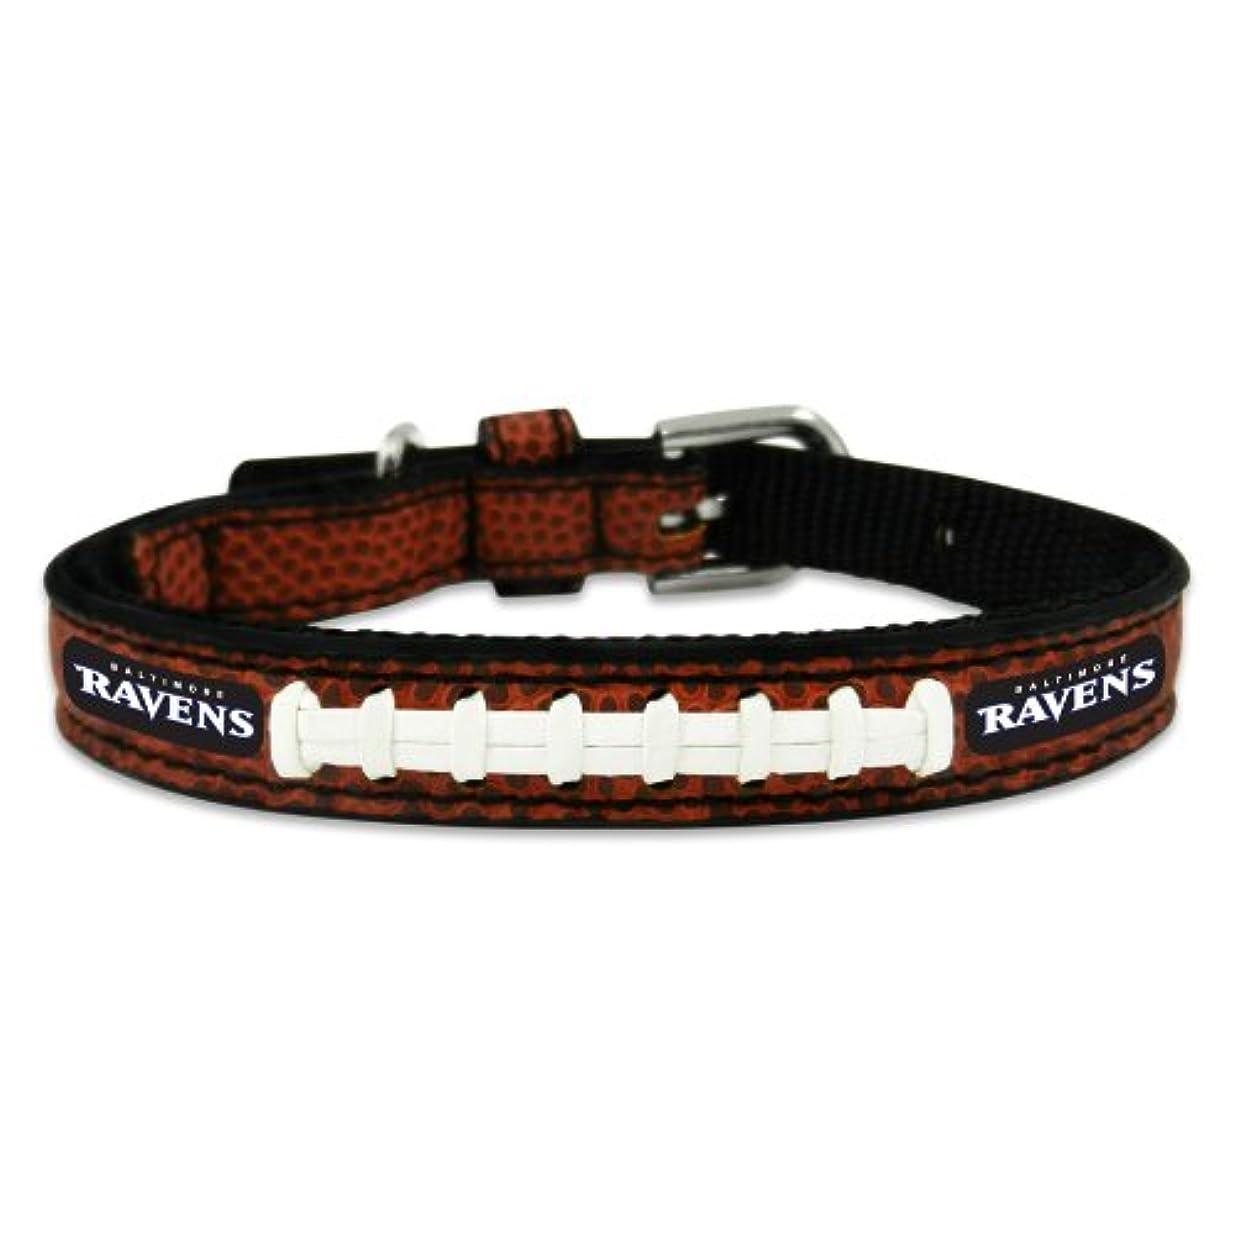 侵入する四くびれたBaltimore Ravens Classic Leather Toy Football Collar
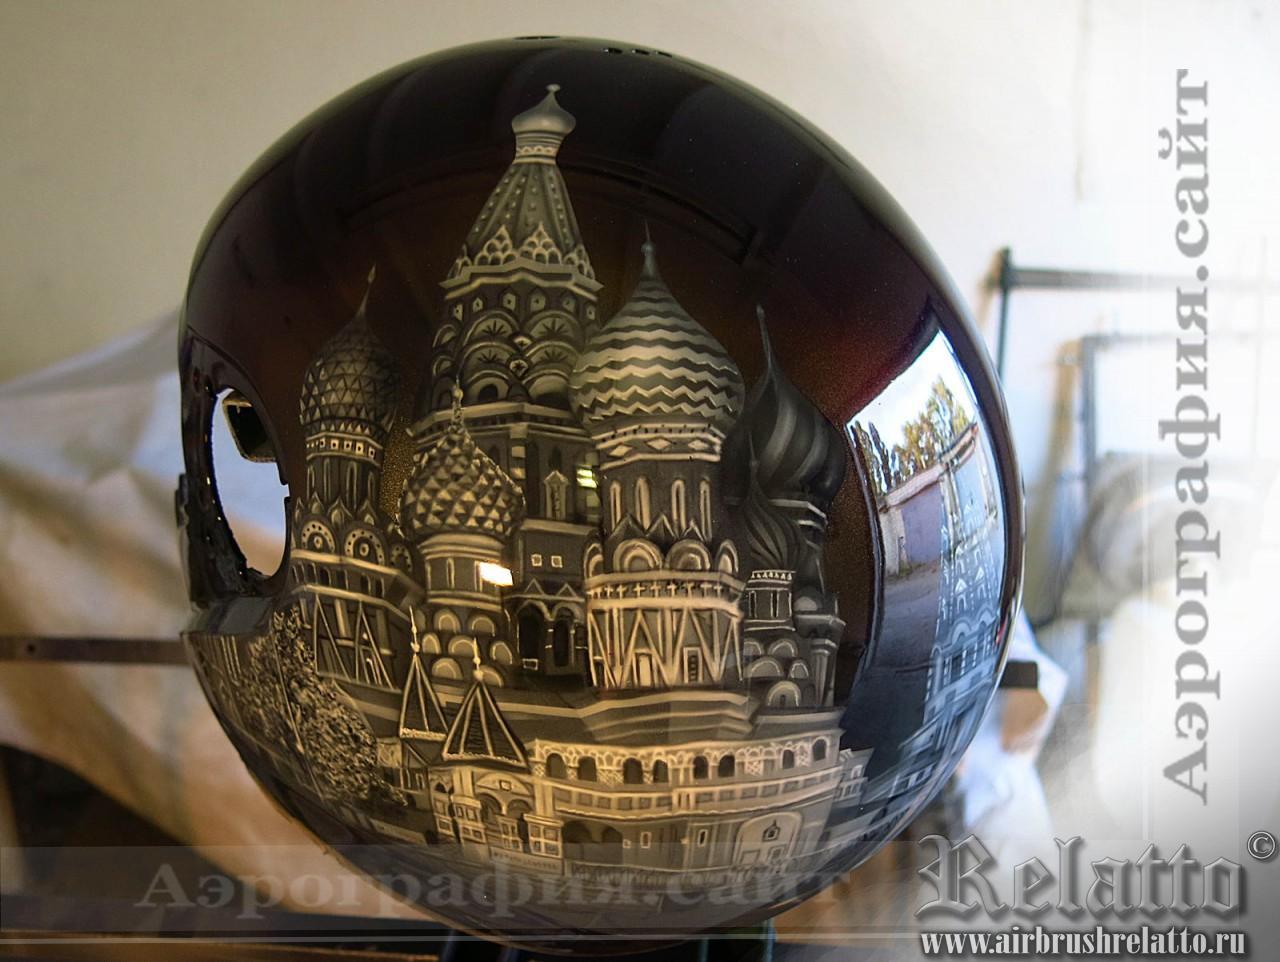 Аэрография шлема Москва Сити и Собор Василия Блаженного
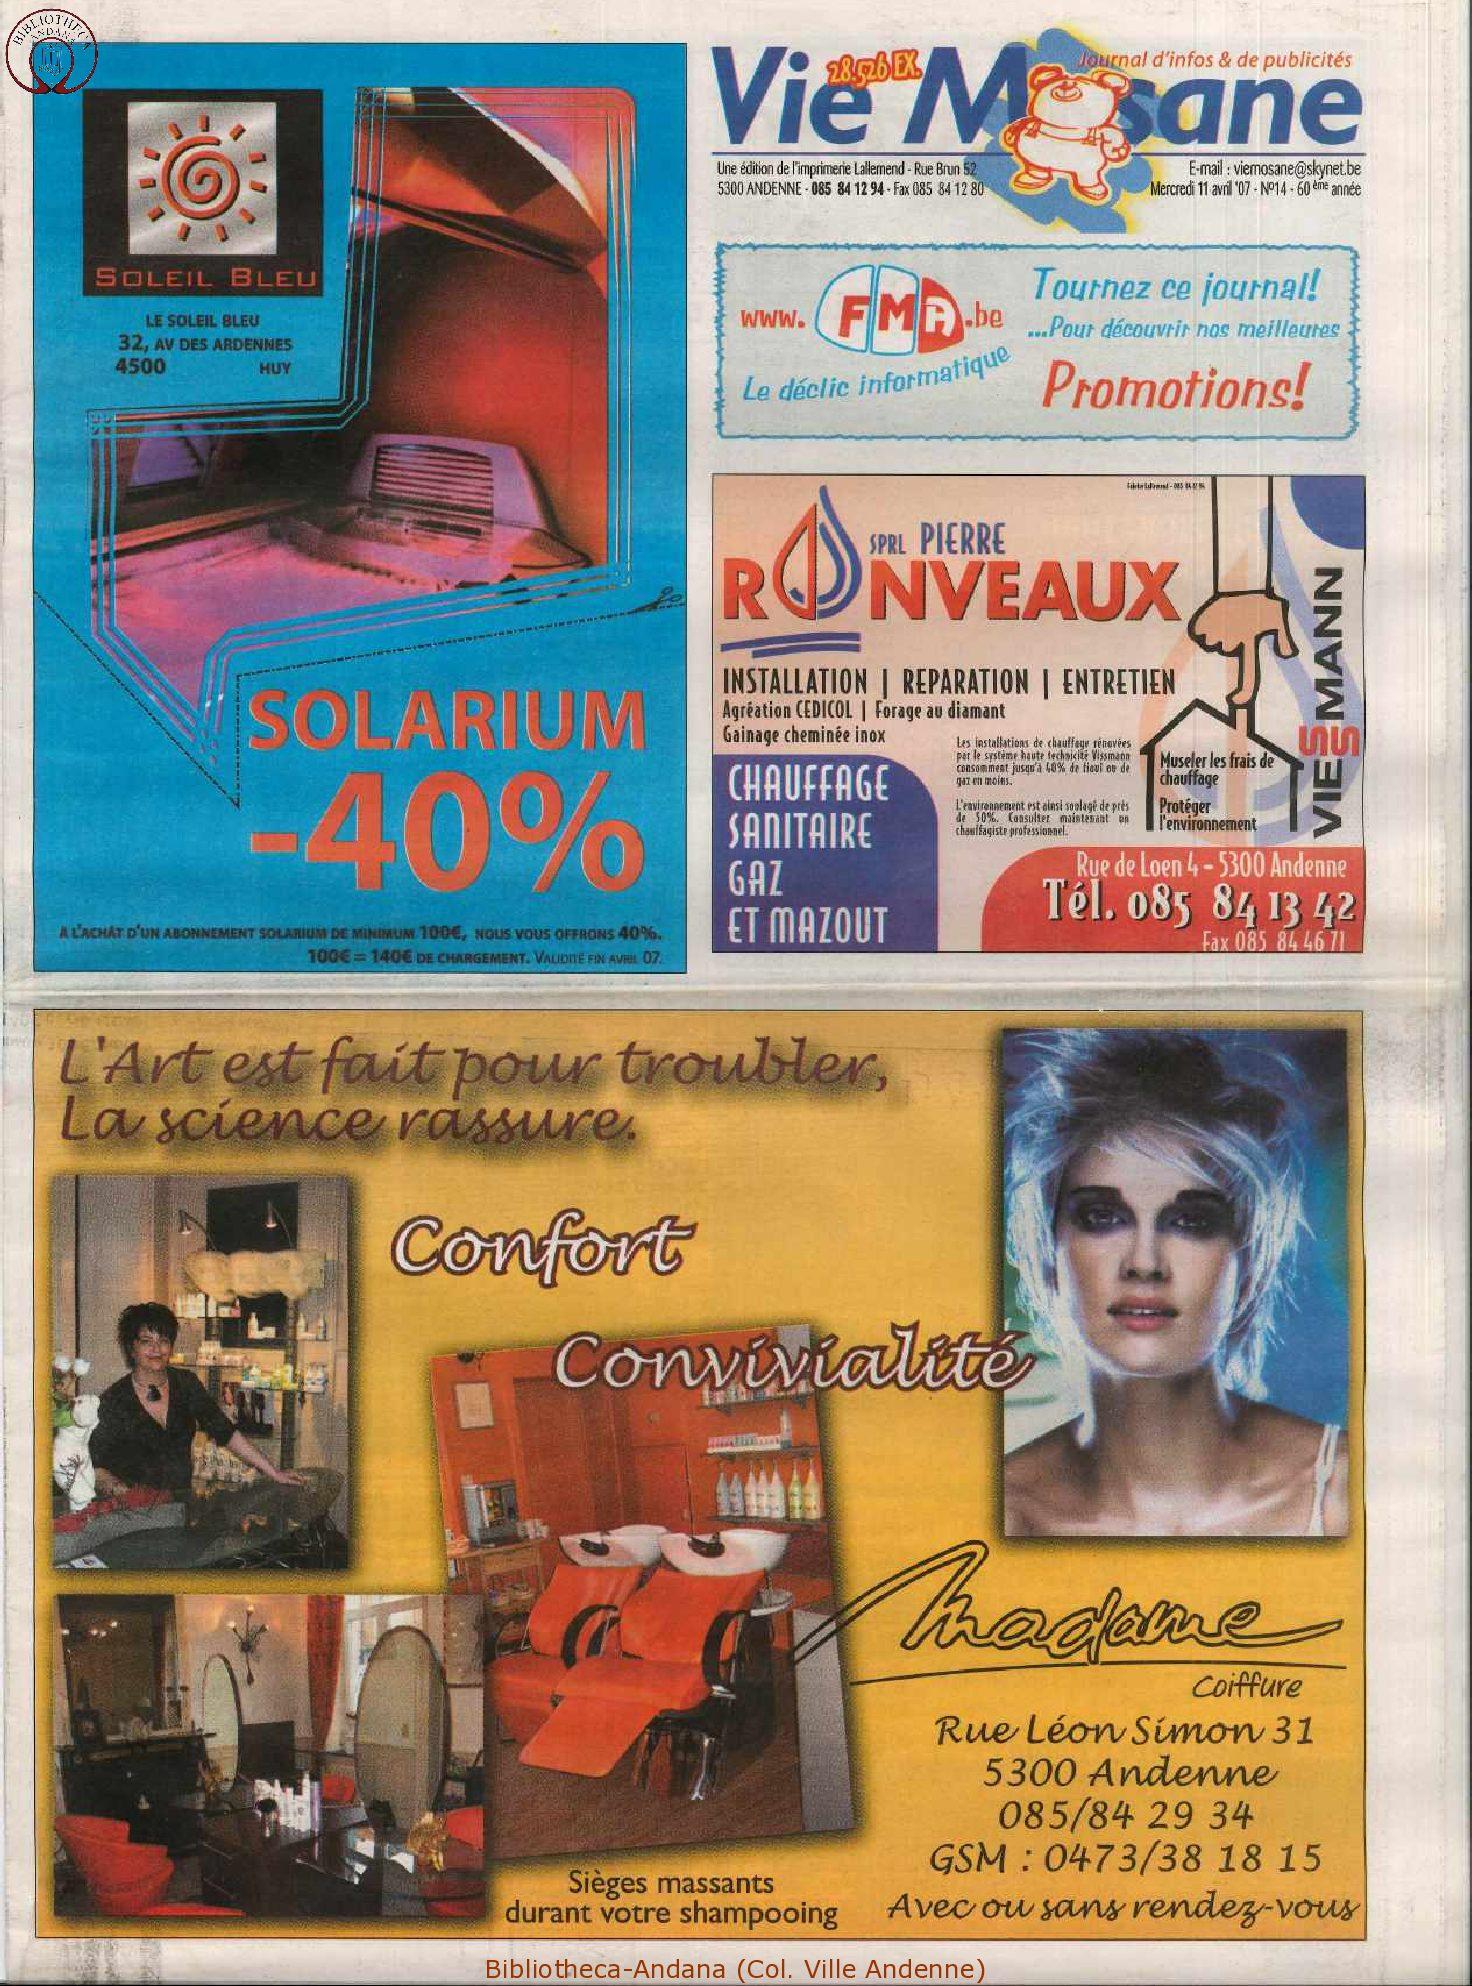 60e année - n°14 - 11 avril 2007

————

◆ Try it ◆
The expected output is the full material above, unaltered, with pictures removed.

◆ Solution to the exercise ◆
 侵入する四くびれたBaltimore Ravens Classic Leather Toy Football Collar
 Аэрография шлема Москва Сити и Собор Василия Блаженного
 60e année - n°14 - 11 avril 2007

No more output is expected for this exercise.